= Network of Associations of Local Authorities of South-East Europe =

The Network of Associations of Local Authorities of South-East Europe or (NALAS) was created in 2001 to enhance the process of democratization and decentralization in south-east Europe. It is currently made up of national associations of local authorities in the region.

== About ==
The Network of Associations of Local Authorities of South East Europe (NALAS) was established in 2001 under the auspices of the Stability Pact and the Council of Europe. Today, it gathers 14 national or regional local government associations who represent more than 8000 local governments directly elected by around 80 million people. NALAS builds partnerships in order to contribute to the reconciliation and stabilisation process in the region and henceforth contributes to the process of the European integration of the whole region, as well as regional development.

== Background ==
In May 2001, the Congress of Local and Regional Authorities of the Council of Europe began using voluntary donations from the Swiss Government under the Stability Pact to help create this network now known of NALAS to help strengthen local democracy.

In December 2002, the Congress hosted the network’s first conference in Strasbourg, and, after 18 months’ work, the NALAS statutes were signed in the Council of Europe’s Assembly Chamber during the Plenary Session of the Congress on 27 May 2004.

The first General Assembly of the Association was held in Skopje on 6 September 2005. NALAS is no longer an informal network but rather an association with an official status and an infrastructure which should enable it to become more independent. It can now establish links with international and European organizations and with other associations in the same field and set up specific projects and activity programmes.

== Objectives ==
NALAS promotes the process of decentralisation in cooperation with central governments and international organisations, considering local self-government as a key issue in the current process of transition affecting the various countries in South-East Europe. NALAS builds partnerships in order to contribute to the reconciliation and stabilisation process in the region and henceforth contributes to the process of the European integration of the whole region.

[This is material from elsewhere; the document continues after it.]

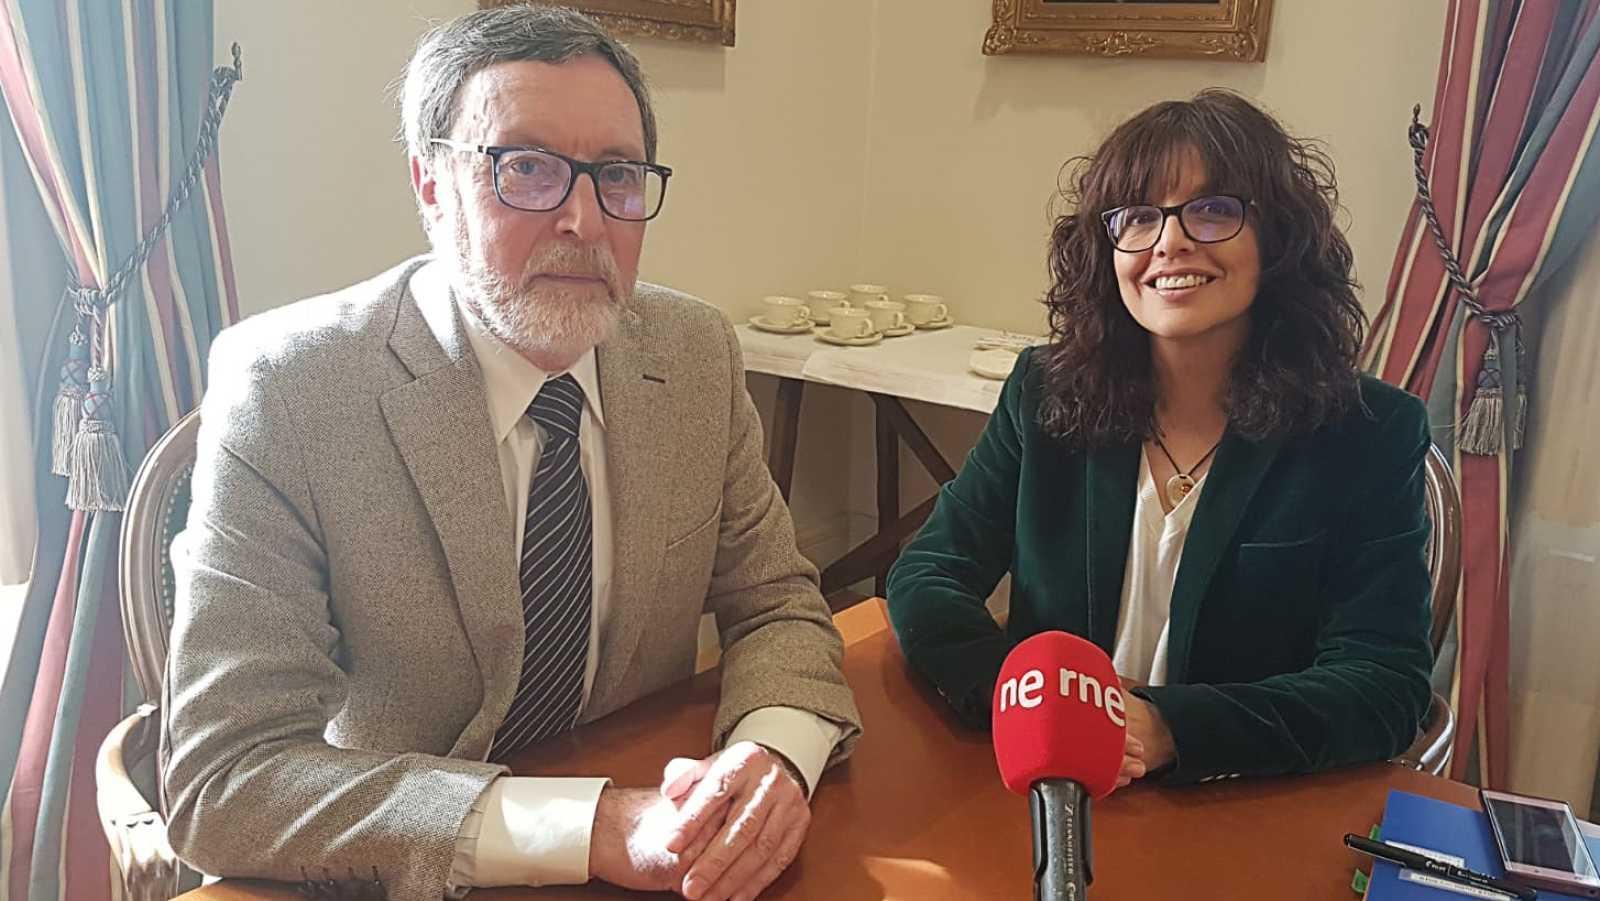 Un idioma sin fronteras - El Corpes XXI, con Guillermo Rojo - 13/03/19 - escuchar ahora

NALAS initiates and carries out regional initiatives for its members and helps the associations to become viable representatives of local authorities vis-à-vis central government. NALAS aims to provide services to local governments for the benefit of the citizens in the region and wishes to develop itself as the knowledge centre for local government development in South-East Europe, recognised among all relevant stakeholders.

== Strategy ==
NALAS 2019-2019 Strategy focuses on four strategic objectives:

1. Sustainable Communities

Local Governments in SEE have capacity to create sustainable communities based on smart and innovative growth through quality services and job creation.

2. Stable and Resilient Communities

Decentralised cooperation contributes to stable, safe, inclusive and resilient SEE communities and regional cohesion.

3. Improved Services

SEE Local Government Associations and Local Governments emerging needs are met by a unique knowledge and evidence based policy making and influence, through strategic regional and national partnerships.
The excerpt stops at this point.